Did I Deserve 7 Years of This Imprisonment?

The below is written to give an acknowledgement to professor Martin Delatycki and doctor Louis Corben for their expertise in the medical conclusions of Friedreich Ataxia.

“Dr Peter Gibilisco was diagnosed with Friedreich ataxia at the age of 14 years. He is now 55 years old.  Friedreich ataxia is a rare, progressive neurological condition. The main symptoms of the condition include initial unsteadiness in walking, fatigue, sleep disturbance, incoordination of the upper limbs, reduced balance, reduced hearing, difficulty speaking and significant heart involvement. The affected person eventually loses their capacity to walk and becomes dependent on a wheelchair for mobility. In addition they increasingly require assistance with most personal care tasks as the disease progresses. To date there is no known cure for this life-shortening, devastatingly progressive and debilitating condition.

Friedreich ataxia affects Peter in the following ways:

Mobility: Peter is dependent on a manual wheelchair for mobility and relies on a hoist plus maximum assistance of two people for all transfers. Peter can only wheel himself a metre or two hence requires assistance from another to move the wheelchair around his room. He relies on a wheelchair accessible taxi for all transport outside of the home. He requires customised wheelchair seating and back support to maintain postural control and stability.  He requires customised wheelchair seating, and provision of an alternating air flow mattress and adjustable height bed to maintain skin integrity and prevent the development of pressure areas. Peter is unable to move himself in bed and given he occasionally requires toileting overnight he requires the availability of overnight care.

Accommodation: Peter currently lives in supported accommodation managed by Yooralla. He has resided in this facility since 2011. He has undergone a number of allied health visits to ensure he has access to the carer support he requires. This has proved problematic as his functional capacity has declined in line with disease progression and his carer requirements have proportionally increased. Prior to this move he lived in an accessible unit in Dandenong and received carer support.

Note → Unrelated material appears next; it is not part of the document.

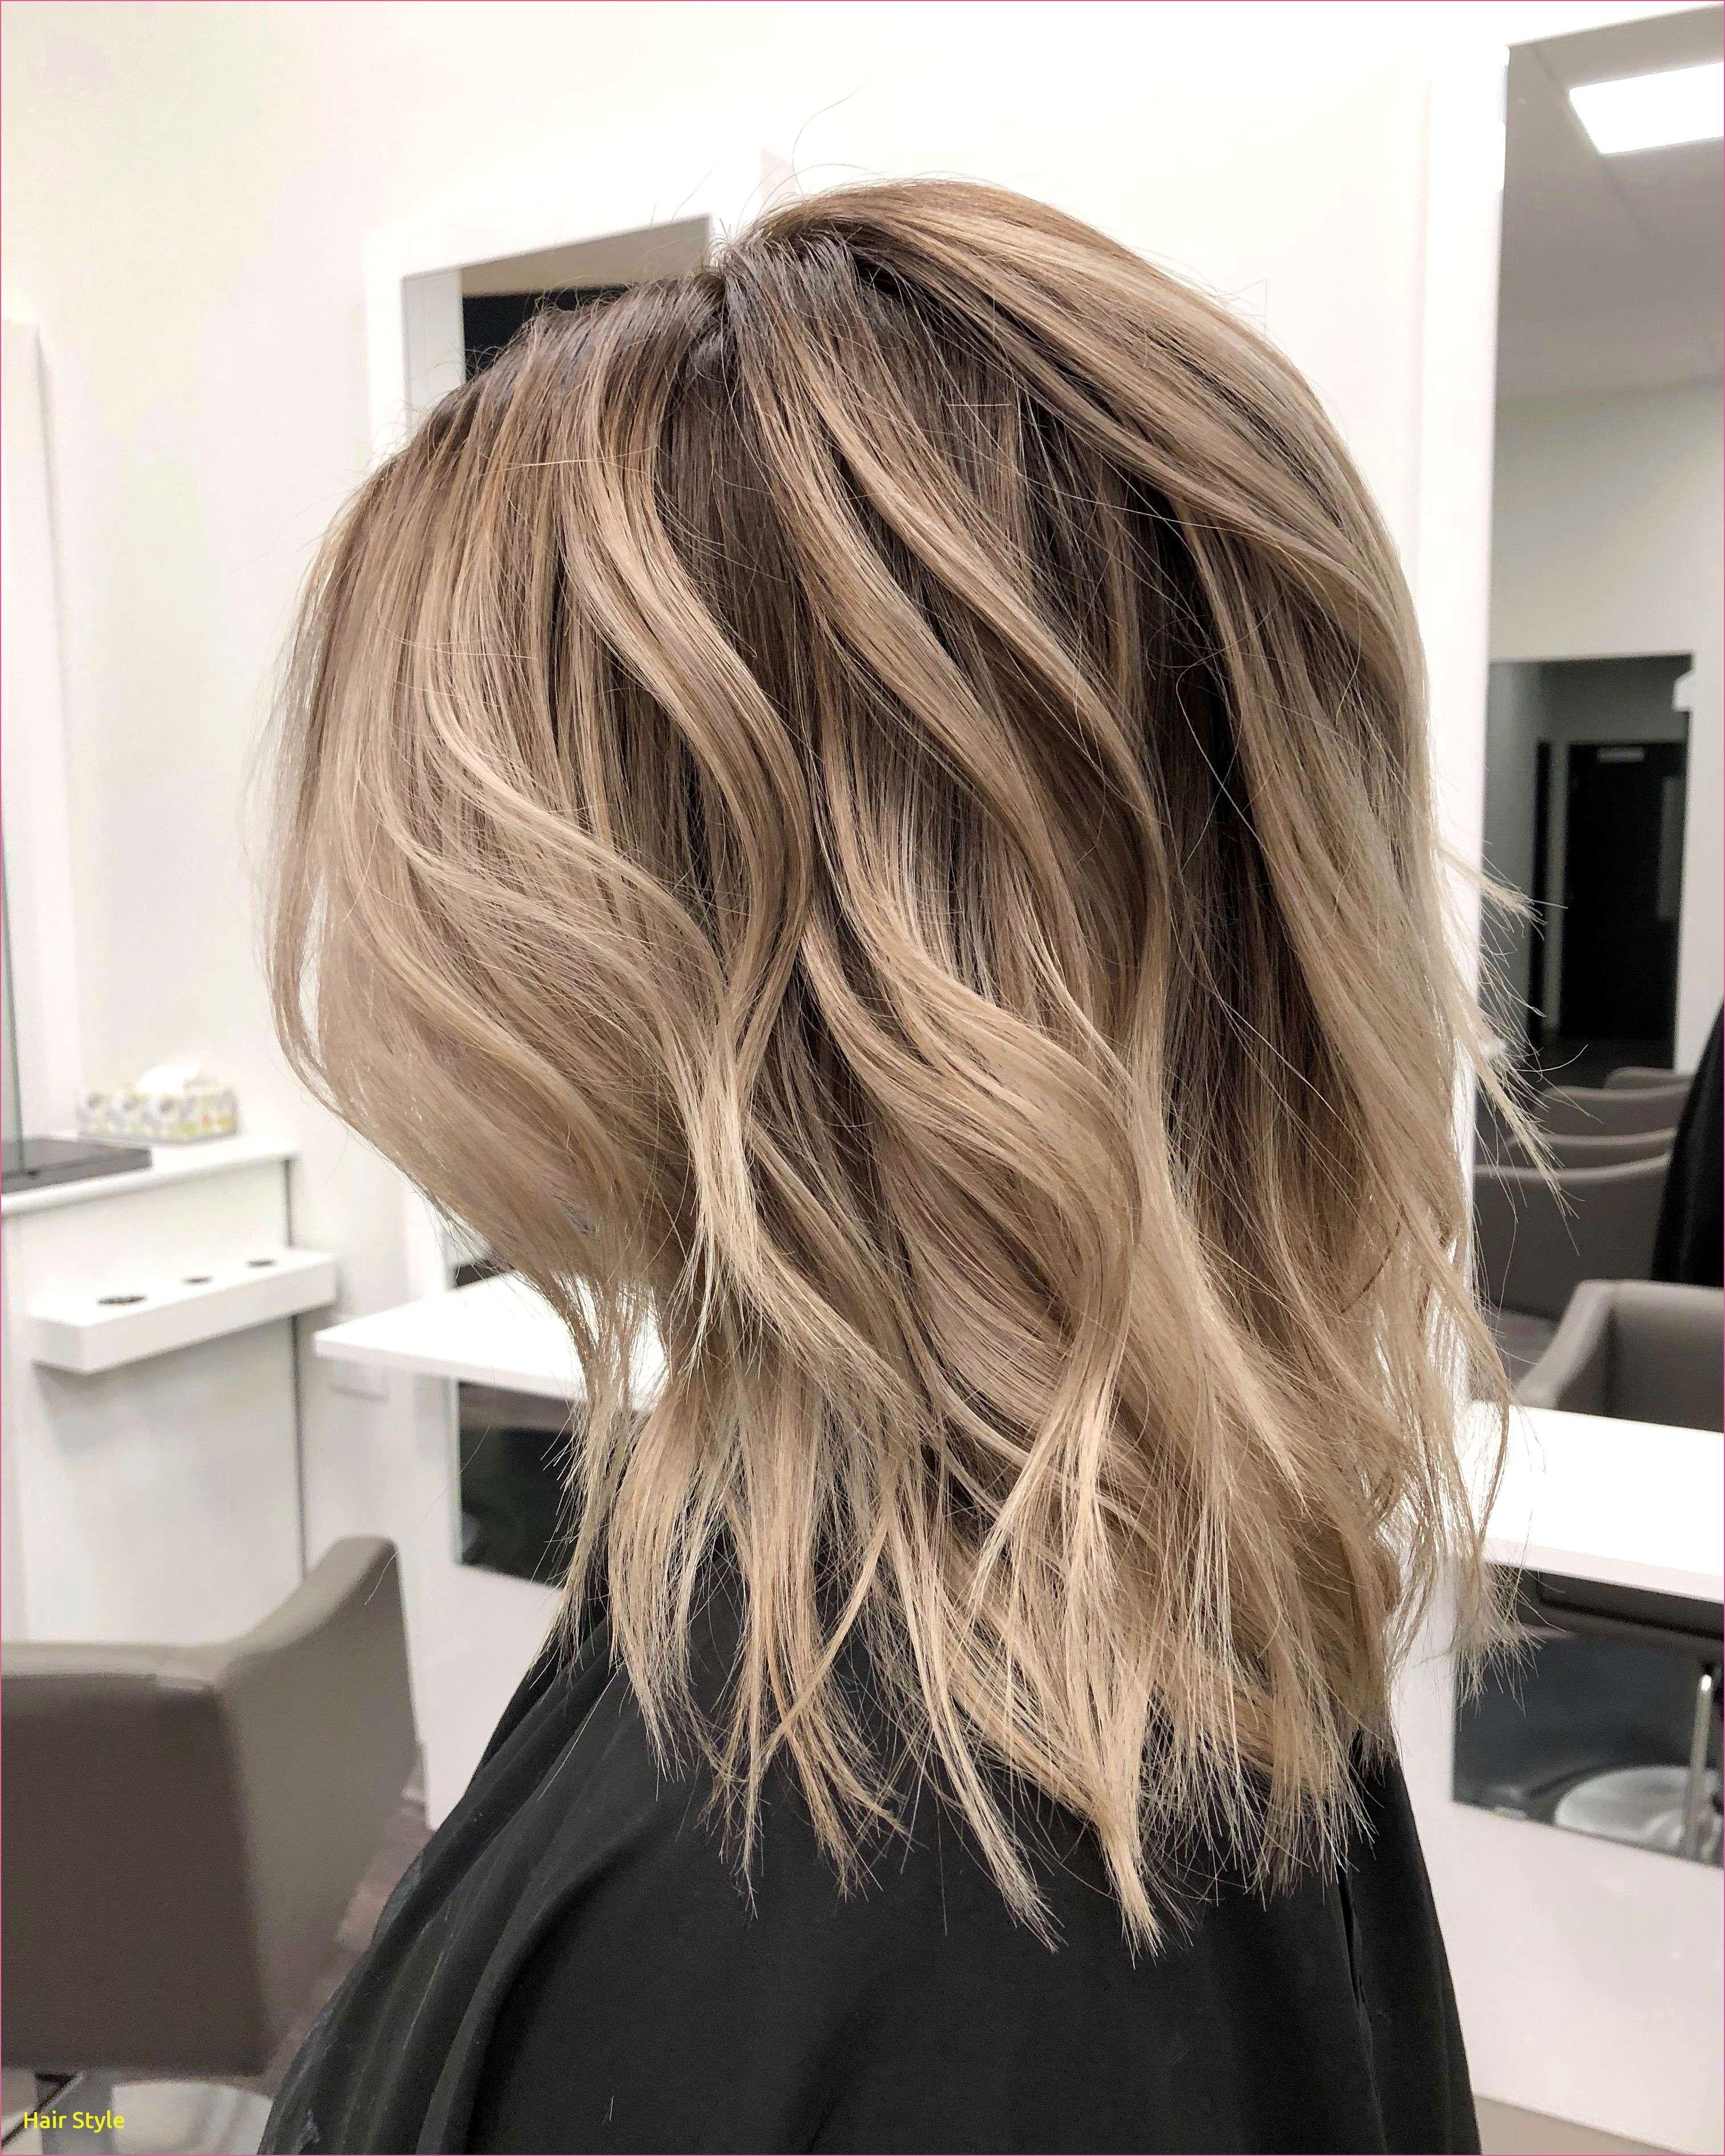 Frisur Mittellang 2019 Haircuts For Wavy Hair Brunette Hair Color

Activities of daily living: Peter requires assistance in all areas of personal care including grooming (teeth-cleaning, shaving), dressing, showering, bed mobility and transfers. Peter is unable to feed himself however can administer drinks in a modified cup/straw once the cup is placed in his hand. He requires a carer to remove the cup on completion.

While Peter is continent he does have bladder frequency which means he is unable to delay attending to toileting needs once it is apparent it is required.  He requires physical assistance with all aspects of toileting including undressing and dressing, positioning of urinal, transferring onto commode if required and hygiene issues.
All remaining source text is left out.